I get the kids dressed (in their blue tinted clothes) and we head out the door sans backpacks for MJ and ML because they were on the floor when the sink spewed -- pray that no one has an accident today because they don't have an extra change of clothes at school -- pull into the parking lot at school, get the kids out and Mitchell has on only ONE sock and Madelyn doesn't have on any. How is this possible?

I then take Merritt to school and realize that we don't have his notebook that his teacher and I communicate in. I think he's hidden it from me so he can open and close, open and close, open and close it without me taking it from him. Sneaky little boy!

What a day!!

Thursday, January 8, 2009

Breathe

I wish I could write like this woman...
http://spectrumpublications.com/myblog/for-kelly-preston.html

She has a way with words and what she says is true. I've had all these same thoughts and wonder if I will ever be blamed for trying to help Merritt. And, unfortunately, the answer is yes. Someone will question; someone will assume; someone will judge. Ironically, these are all things Merritt's disability has taught me to avoid.
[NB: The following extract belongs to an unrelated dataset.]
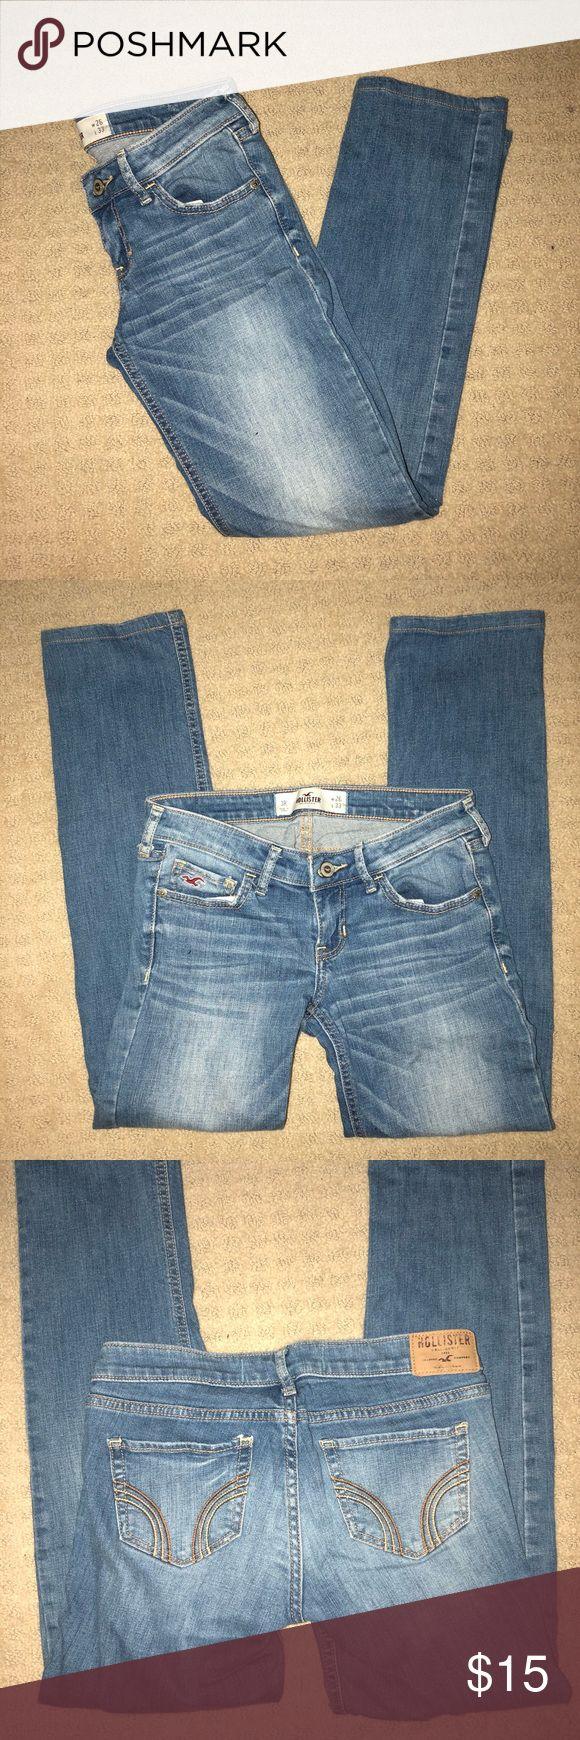 hollister boot cut jeans light-medium washed hollister boot cut jeans! Hollister Jeans Boot Cut
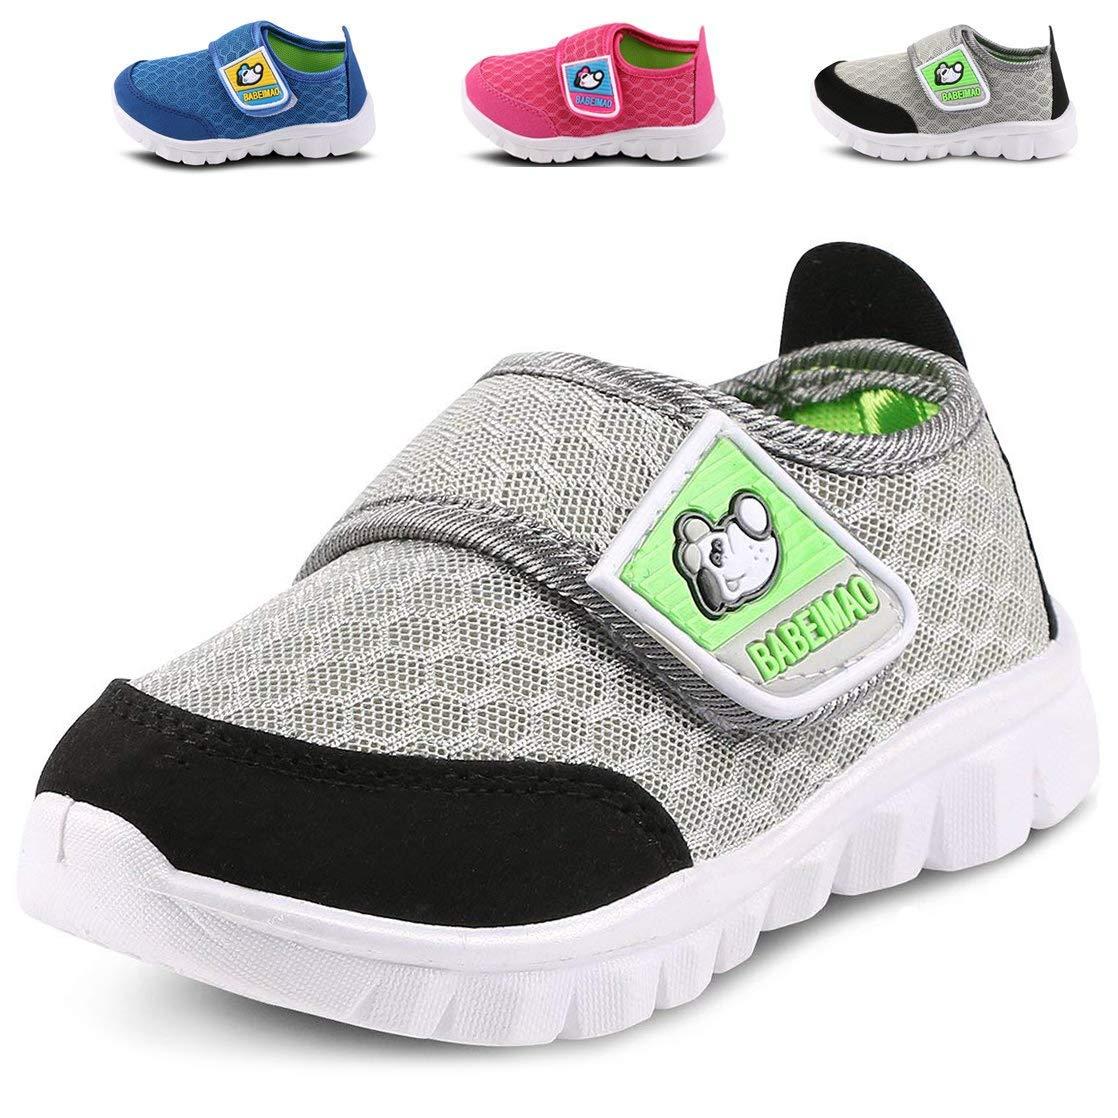 Femizee Toddler Boys Girls Lightweight Mesh Sneakers Kids Athletic Running Shoes

One of my favorite times with Merritt is sleeping next to him simply because I know he's safe. I can hear him breathing and I know that at that moment nothing can hurt him. At that moment, he's not going to run into the street; he's not going to eat something harmful; he's not going to be persuaded by a stranger to leave my side. He's safe and if I could keep him there, I would. Wouldn't we all? But instead, I have faith... faith that God will keep him safe and I pray that no one will judge our family for trying to give him the best life.

Thursday, November 13, 2008

The One

The perfect family Christmas picture... in our house, it's as elusive as Bigfoot. I wonder if everyone else goes through 500 pictures before they're able to get the kids to sit, look, and smile at the same time? Maybe it's easier for those families with only one kiddo, but it may not be as fun!
Here's are the ones that didn't make the cut for the "perfect Christmas card picture".
As for "the one" you'll just have to wait for it to come in the mail!